查询的流程主要在SolrIndexSearch.getDocListC(QueryResult qr, QueryCommand cmd),顾名思义该函数对queryResultCache进行处理,并根据查询条件选择进入排序查询还是非排序查询。

1   /**
2 * getDocList version that uses+populates query and filter caches.
* In the event of a timeout, the cache is not populated.
*/
private void getDocListC(QueryResult qr, QueryCommand cmd) throws IOException {
DocListAndSet out = new DocListAndSet();
qr.setDocListAndSet(out);
QueryResultKey key=null;
int maxDocRequested = cmd.getOffset() + cmd.getLen(); //当有偏移的查询产生,Solr首先会获取cmd.getOffset()+cmd.getLen()个的doc id然后                                    //再根据偏移量获取子集,所以maxDocRequested是实际的查询个数。
// check for overflow, and check for # docs in index
if (maxDocRequested < 0 || maxDocRequested > maxDoc()) maxDocRequested = maxDoc();// 最多的情况获取所有doc id
int supersetMaxDoc= maxDocRequested;
DocList superset = null; int flags = cmd.getFlags();
Query q = cmd.getQuery();
if (q instanceof ExtendedQuery) {
ExtendedQuery eq = (ExtendedQuery)q;
if (!eq.getCache()) {
flags |= (NO_CHECK_QCACHE | NO_SET_QCACHE | NO_CHECK_FILTERCACHE);
}
} // we can try and look up the complete query in the cache.
// we can't do that if filter!=null though (we don't want to
// do hashCode() and equals() for a big DocSet).
// 先从查询结果的缓存区查找是否出现过该条件的查询,若出现过则返回缓存的结果.关于缓存的内容将会独立写一篇文章
if (queryResultCache != null && cmd.getFilter()==null
&& (flags & (NO_CHECK_QCACHE|NO_SET_QCACHE)) != ((NO_CHECK_QCACHE|NO_SET_QCACHE)))
{
// all of the current flags can be reused during warming,
// so set all of them on the cache key.
key = new QueryResultKey(q, cmd.getFilterList(), cmd.getSort(), flags);
if ((flags & NO_CHECK_QCACHE)==0) {
superset = queryResultCache.get(key); if (superset != null) {
// check that the cache entry has scores recorded if we need them
if ((flags & GET_SCORES)==0 || superset.hasScores()) {
// NOTE: subset() returns null if the DocList has fewer docs than
// requested
out.docList = superset.subset(cmd.getOffset(),cmd.getLen()); //如果有缓存,就从中去除一部分子集
}
}
if (out.docList != null) {
// found the docList in the cache... now check if we need the docset too.

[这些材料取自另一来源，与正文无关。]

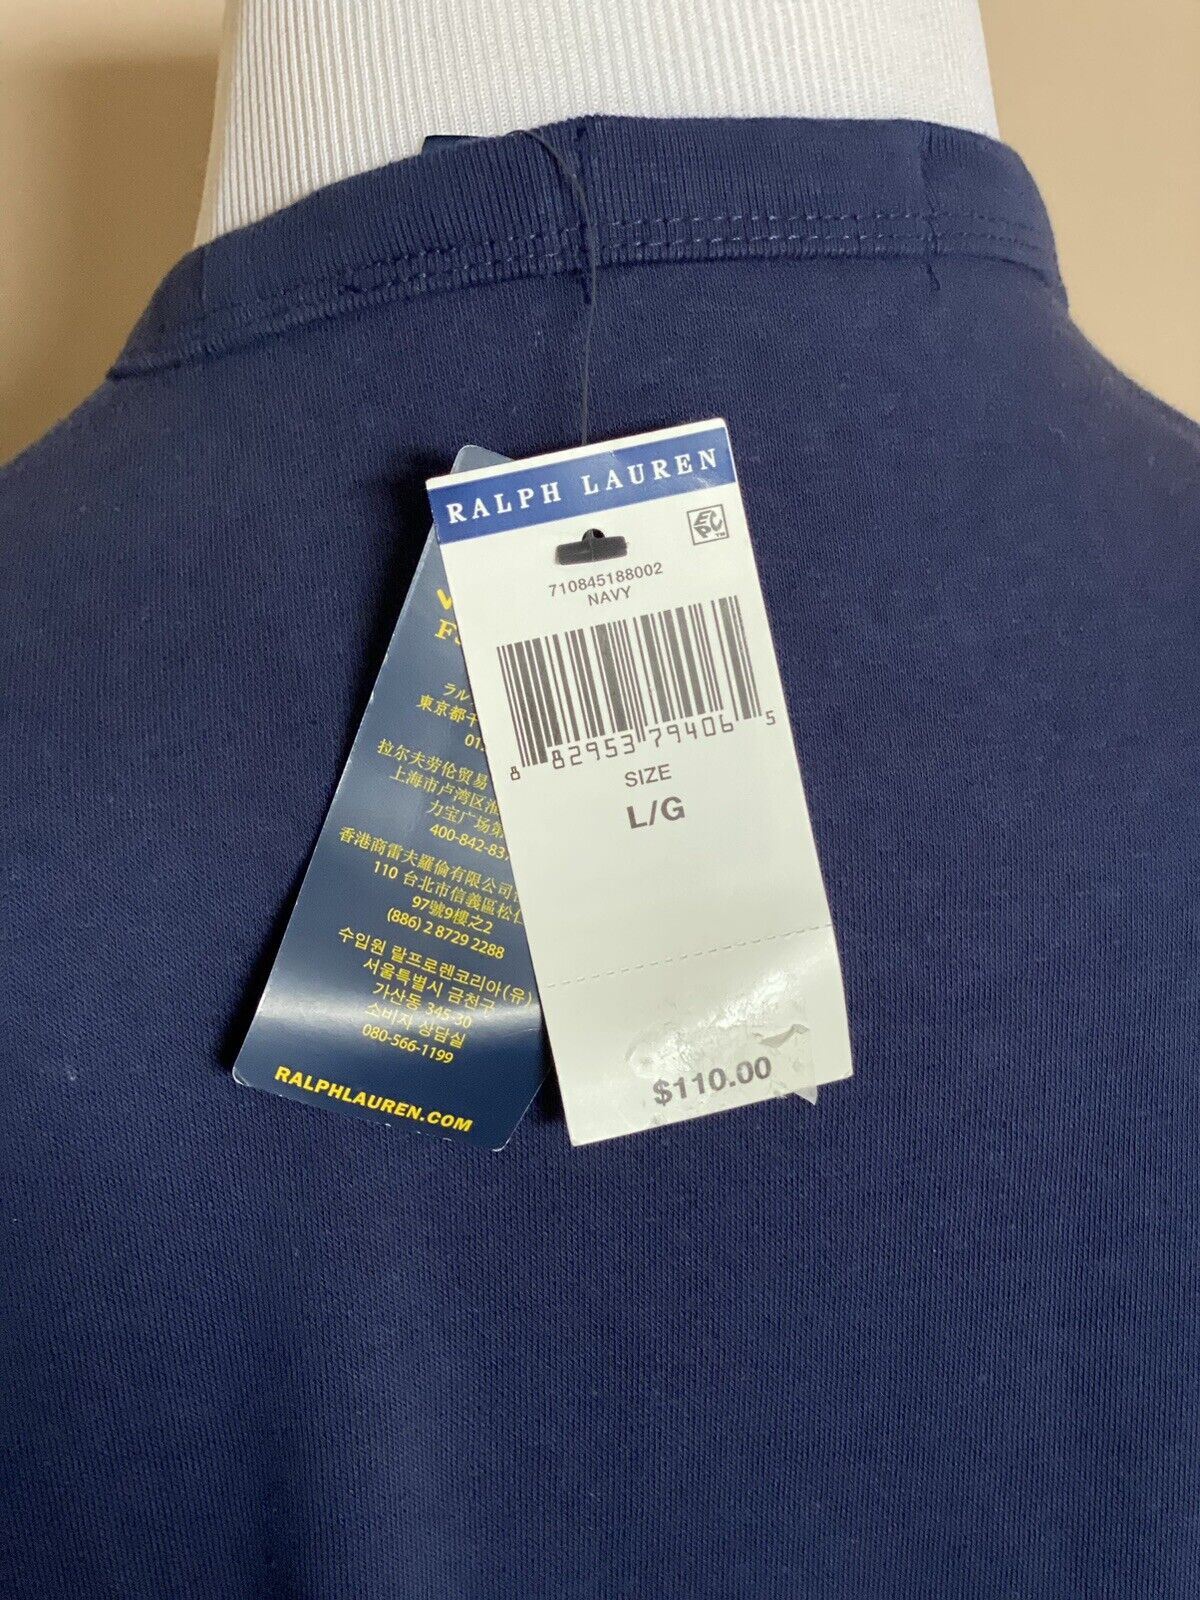 Neu mit Etikett: 110 $ Polo Ralph Lauren Polo-Logo-Fleece-Sweatshirt Marineblau L/G

// OPT: possible future optimization - if the doclist contains all the matches,
// use it to make the docset instead of rerunning the query.
//获取缓存中的docSet,并传给result。
if (out.docSet==null && ((flags & GET_DOCSET)!=0) ) {
if (cmd.getFilterList()==null) {
out.docSet = getDocSet(cmd.getQuery());
} else {
List<Query> newList = new ArrayList<>(cmd.getFilterList().size()+1);
newList.add(cmd.getQuery());
newList.addAll(cmd.getFilterList());
out.docSet = getDocSet(newList);
}
}
return;
}
} // If we are going to generate the result, bump up to the
// next resultWindowSize for better caching.

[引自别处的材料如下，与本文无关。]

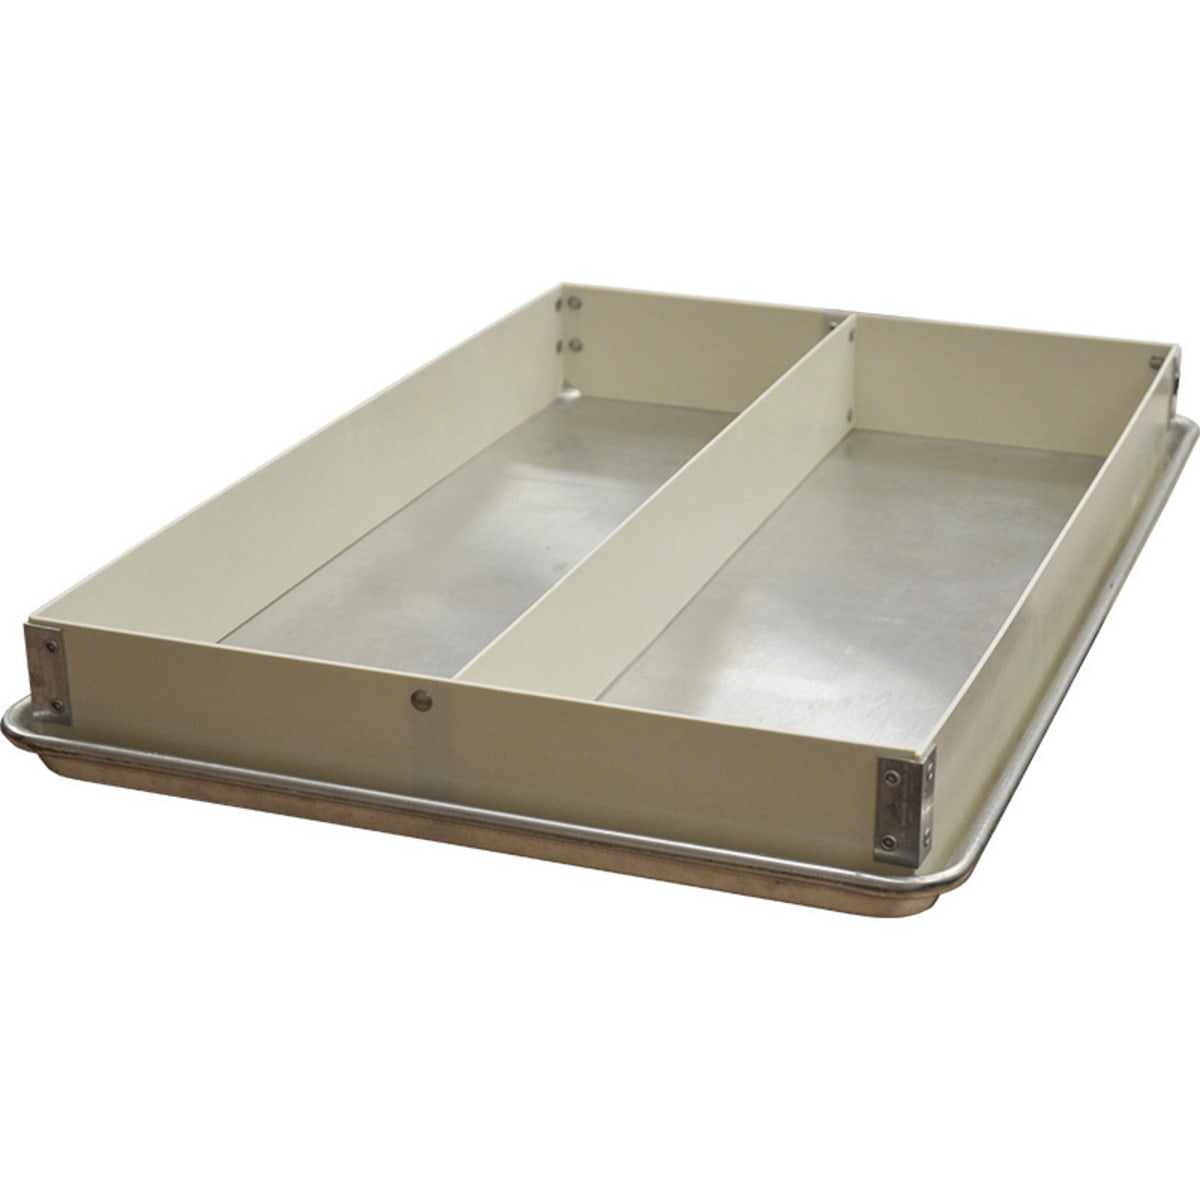 Full-Size Fiberglass Sheet Pan Extender - Divided in 2 Sections

// 修改supersetMaxDoc为queryResultWindwSize的整数倍
if ((flags & NO_SET_QCACHE) == 0) {
// handle 0 special case as well as avoid idiv in the common case.
if (maxDocRequested < queryResultWindowSize) {
supersetMaxDoc=queryResultWindowSize;
} else {
supersetMaxDoc = ((maxDocRequested -1)/queryResultWindowSize + 1)*queryResultWindowSize;
if (supersetMaxDoc < 0) supersetMaxDoc=maxDocRequested;
}
} else {
key = null; // we won't be caching the result
}
}
cmd.setSupersetMaxDoc(supersetMaxDoc); // OK, so now we need to generate an answer.
// One way to do that would be to check if we have an unordered list
// of results for the base query. If so, we can apply the filters and then
// sort by the resulting set. This can only be used if:
// - the sort doesn't contain score
// - we don't want score returned. // check if we should try and use the filter cache
boolean useFilterCache=false;
if ((flags & (GET_SCORES|NO_CHECK_FILTERCACHE))==0 && useFilterForSortedQuery && cmd.getSort() != null && filterCache != null) {
useFilterCache=true;
SortField[] sfields = cmd.getSort().getSort();
for (SortField sf : sfields) {
if (sf.getType() == SortField.Type.SCORE) {
useFilterCache=false;
break;
}
}
} if (useFilterCache) {
// now actually use the filter cache.
// for large filters that match few documents, this may be
// slower than simply re-executing the query.
if (out.docSet == null) {
out.docSet = getDocSet(cmd.getQuery(),cmd.getFilter());
DocSet bigFilt = getDocSet(cmd.getFilterList());
if (bigFilt != null) out.docSet = out.docSet.intersection(bigFilt);
}
// todo: there could be a sortDocSet that could take a list of
// the filters instead of anding them first...
// perhaps there should be a multi-docset-iterator
sortDocSet(qr, cmd); //排序查询
} else {
// do it the normal way...
if ((flags & GET_DOCSET)!=0) {
// this currently conflates returning the docset for the base query vs
// the base query and all filters.
DocSet qDocSet = getDocListAndSetNC(qr,cmd);
// cache the docSet matching the query w/o filtering
if (qDocSet!=null && filterCache!=null && !qr.isPartialResults()) filterCache.put(cmd.getQuery(),qDocSet);
} else {
getDocListNC(qr,cmd); //非排序查询,这也是本文的流程。
}
assert null != out.docList : "docList is null";
} if (null == cmd.getCursorMark()) {
// Kludge...
// we can't use DocSlice.subset, even though it should be an identity op
// because it gets confused by situations where there are lots of matches, but
// less docs in the slice then were requested, (due to the cursor)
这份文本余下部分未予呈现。